Well, this . . . . interesting.

The duo here are Detroit MC Guilty Simpson and acclaimed New Zealand producer Jeremy Toy (here as Leonard Charles) and although the album's title is an acronym of their band name it also refers to woozy feel of these laidback beats and grooves, and the sonic textures which are malleable, drifting and sometimes languid.

MC Simpson has a stentorian authority and if some of the rhymes are clunking or repetitive (Breaking Bread only survives courtesy of Toy/Charles' contribution) he can frequently nail it (GUILTY, again an ambient soundscape for Toy/Charles).

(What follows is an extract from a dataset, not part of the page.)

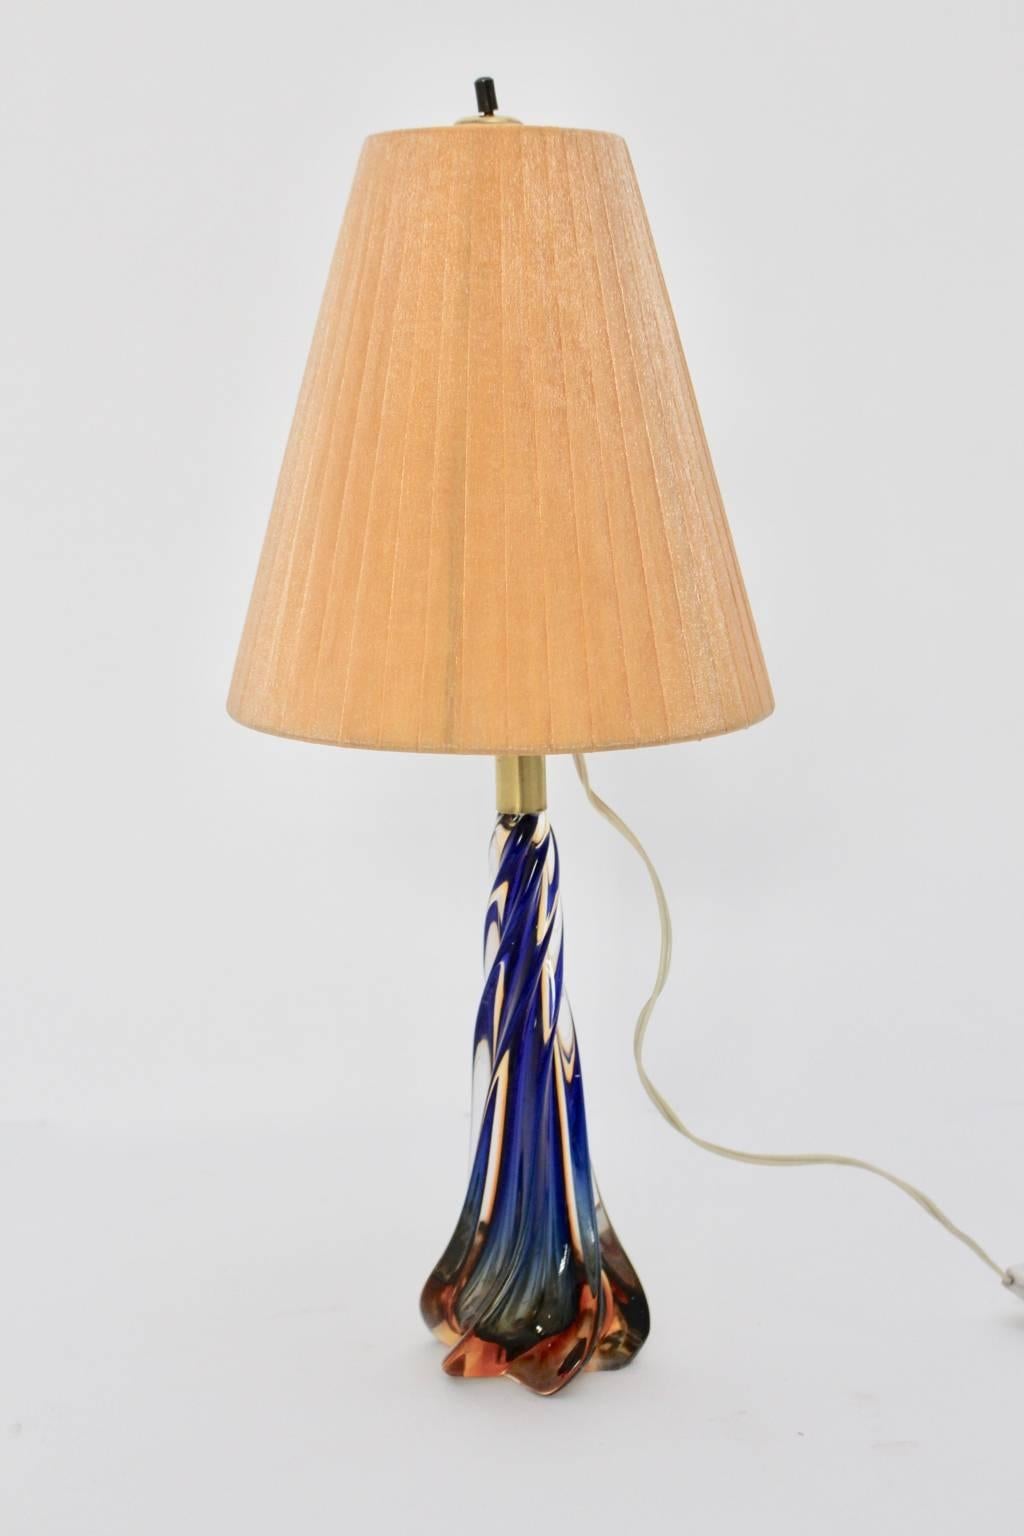 Lampe de table en verre de Murano bleu et orange, de style moderne du milieu du siècle, avec une base en verre tourné et des détails en laiton. Cette pièce délicate a été conçue et fabriquée à Murano, à Venise, en Italie, dans les années 1950.
La

Some promo blurb would have us believe that much of this was inspired by “rare acid influenced records from New Zealand’s 60s and 70s” but frankly that sounds like a pitch for the US market seduced by the obscurity of that reference . . . and you certainly won't discern House of Nimrod, Space Farm et al in these pieces.

What will leap out is the sample from Marlon William's Nobody Gets What They Want Anymore on Nobody, and apparently Citizen Band's In a Lifetime is sampled for My Inspiration (not a CB piece I'm familiar with, it isn't on either album).

There's some supple funk grooves laid down here as on Friends (in which Simpson calls a few into question), more dreamy sonics as the counterpoint to Simpson's sometimes snarky Message to My Ex and some guitar soul-funk on the far too short 52 seconds of Grass. There are a couple of such brief interludes which only serve to tantalise and little more.

This is an interesting more than essential album but it should serve a decent purpose, to get Jeremy Toy's name in front of a US audience because it is his contribution to LSD which sets this apart from the pack.